The Basics of Directors and Officers Liability Insurance

Directors and officers liability insurance is a type of business insurance that is designed to provide coverage to the directors and officers of a business. Many times, litigation can arise because of the business-related decisions that are made by these individuals. This coverage is purchased in order to limit the personal liability of the directors of a business when such a situation occurs. Here are the basics of directors and officers liability insurance and how it works.

Directors and Officers Liability

When an individual is charged with making decisions for a Fortune 500 company, this situation comes with a great deal of responsibility. It is inevitable that these individuals will make some decisions that other people do not like. When this happens, someone could bring a lawsuit against this individual.
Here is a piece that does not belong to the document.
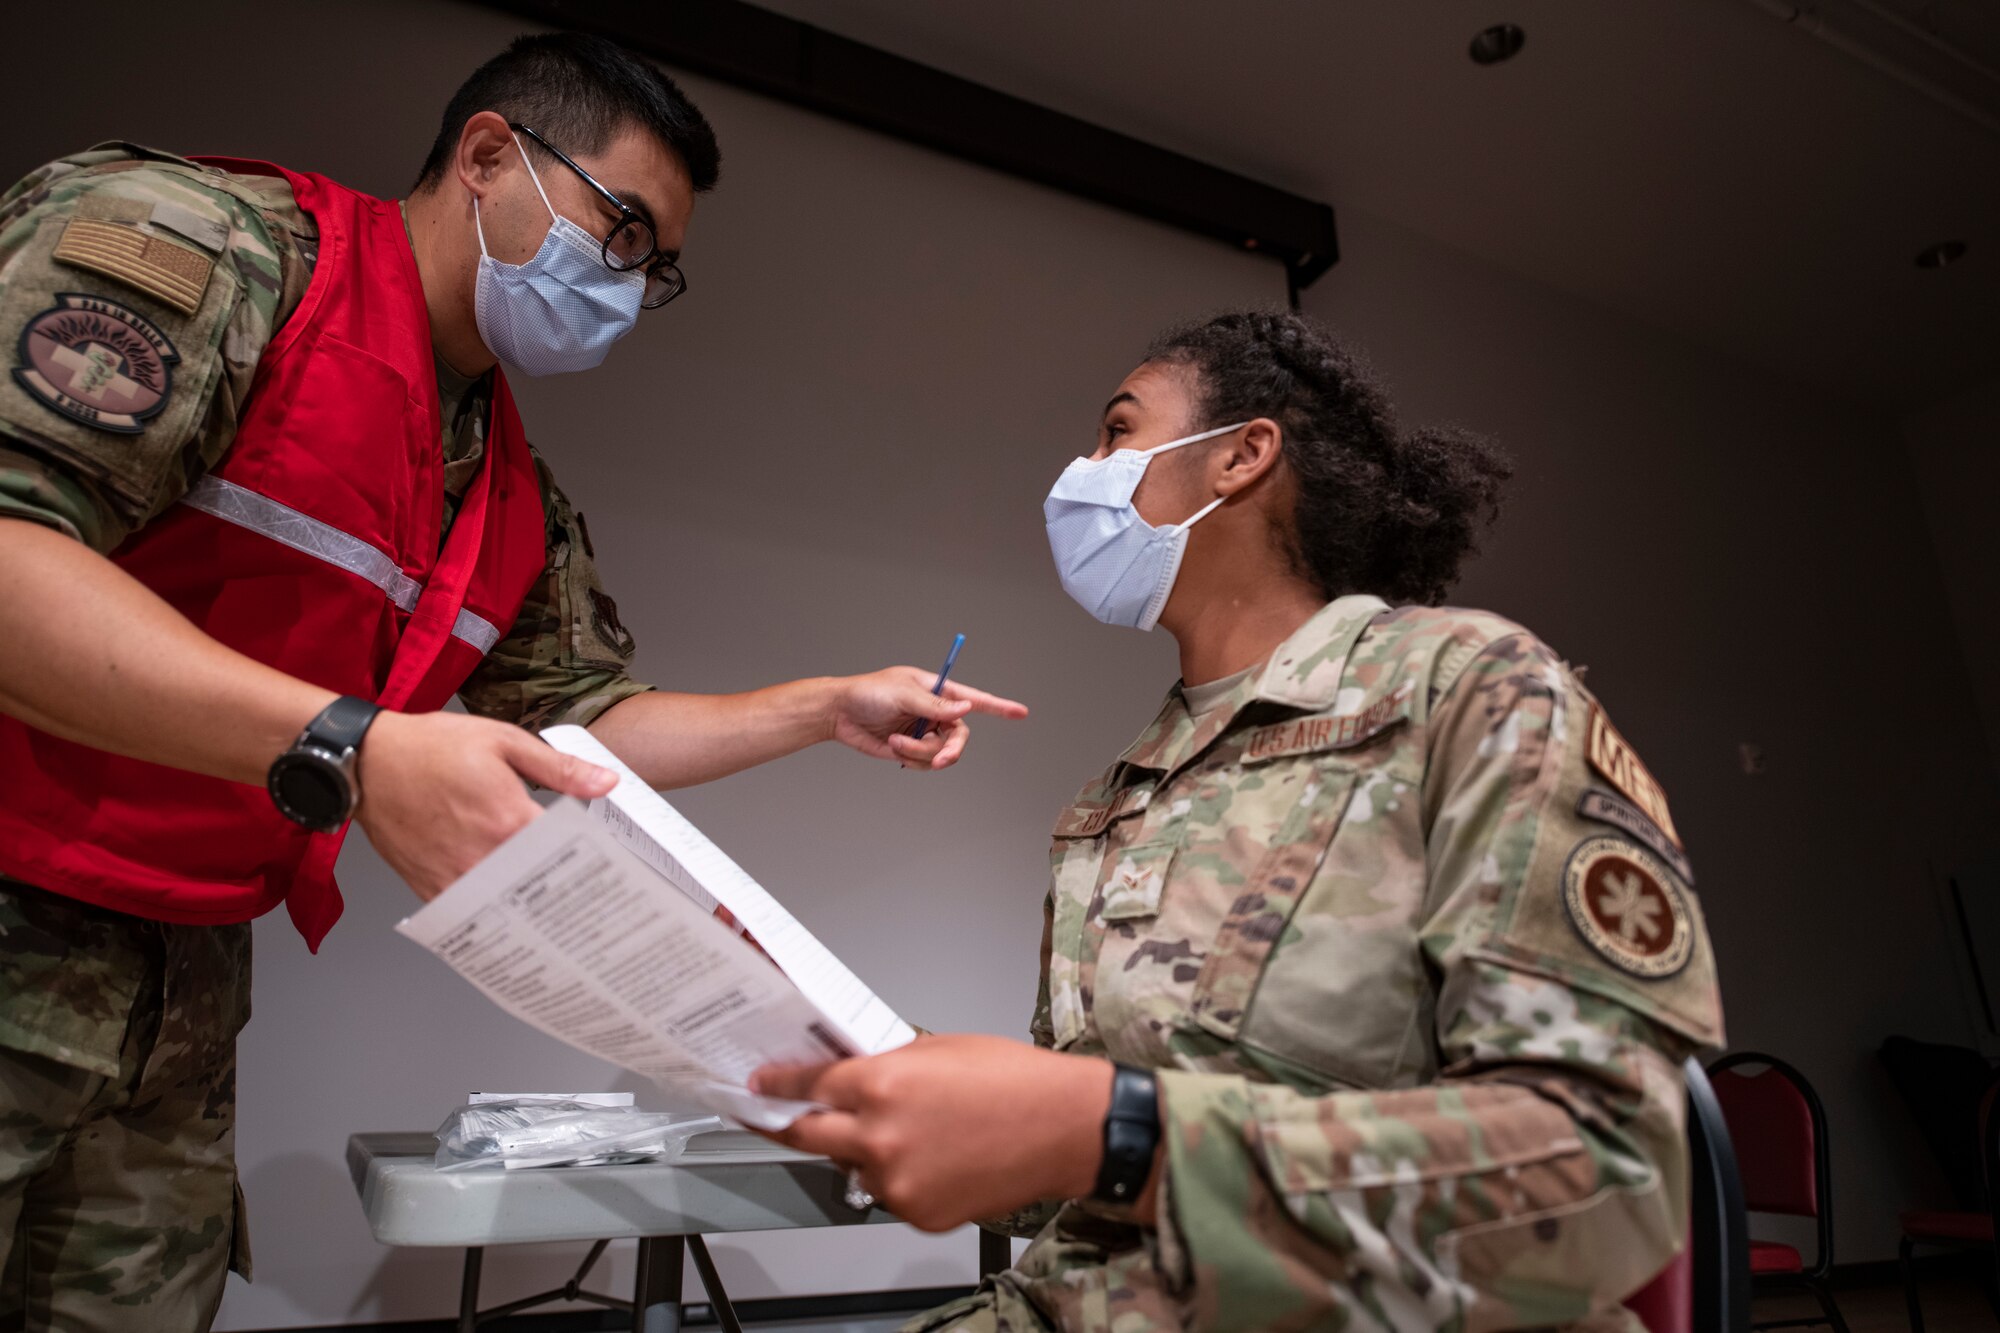 Capt. Mike Migita, 9th Healthcare Operations Squadron pediatrician, provides information about the anthrax vaccine to Airman 1st Class Erika Claridy, 9th Operational Medical Readiness Squadron aerospace medical technician, Aug. 5, 2021, at Beale Air Force Base, California.

This most commonly occurs when shareholders of a publicly traded company bring up a lawsuit against one of the individuals on the Board of Directors of that company. When this occurs, the individual will be the named party in the lawsuit and will be personally responsible for the judgment.

Liability Insurance

In order to protect the individuals of prominence in a large company, the company will often purchase directors and officers liability insurance for them. This type of coverage will step in and pay for any judgments that are made against one of these individuals up to a certain amount.

The lawsuit settlements that are typically awarded with this type of case are in excess of $10 million. Most individual employees of a company do not have enough money to cover this some or if they did, it would devastate them financially. By purchasing this type of insurance policy, this problem can be avoided for the most part.

Insider Trading Allegations

One of the most common areas in which this type of insurance comes into play is when shareholders accuse prominent individuals in a company of insider trading. This typically happens when a large company's stock price plummets. When this happens, the shareholders in the company are frustrated and believe that it must have been caused by the actions of the Board of Directors. They will often band together and file a class-action lawsuit against one or more of the board members.

Illegal Activity

Even though this type of insurance provides broad coverage for directors and officers, it does not give them a license to act inappropriately. If the individual is engaging in anything that they know is immoral or illegal, the insurance may not provide coverage for them. Typically, an insurance investigation will take place and if the insurance company finds anything that is questionable, they may not be willing to pay benefits.

Part of Benefits Package

Even though this type of insurance coverage is designed to benefit the individuals themselves and not the business, the business will typically pay for the coverage. This is done as part of a comprehensive benefits package that is meant to attractive the best employees that they can find.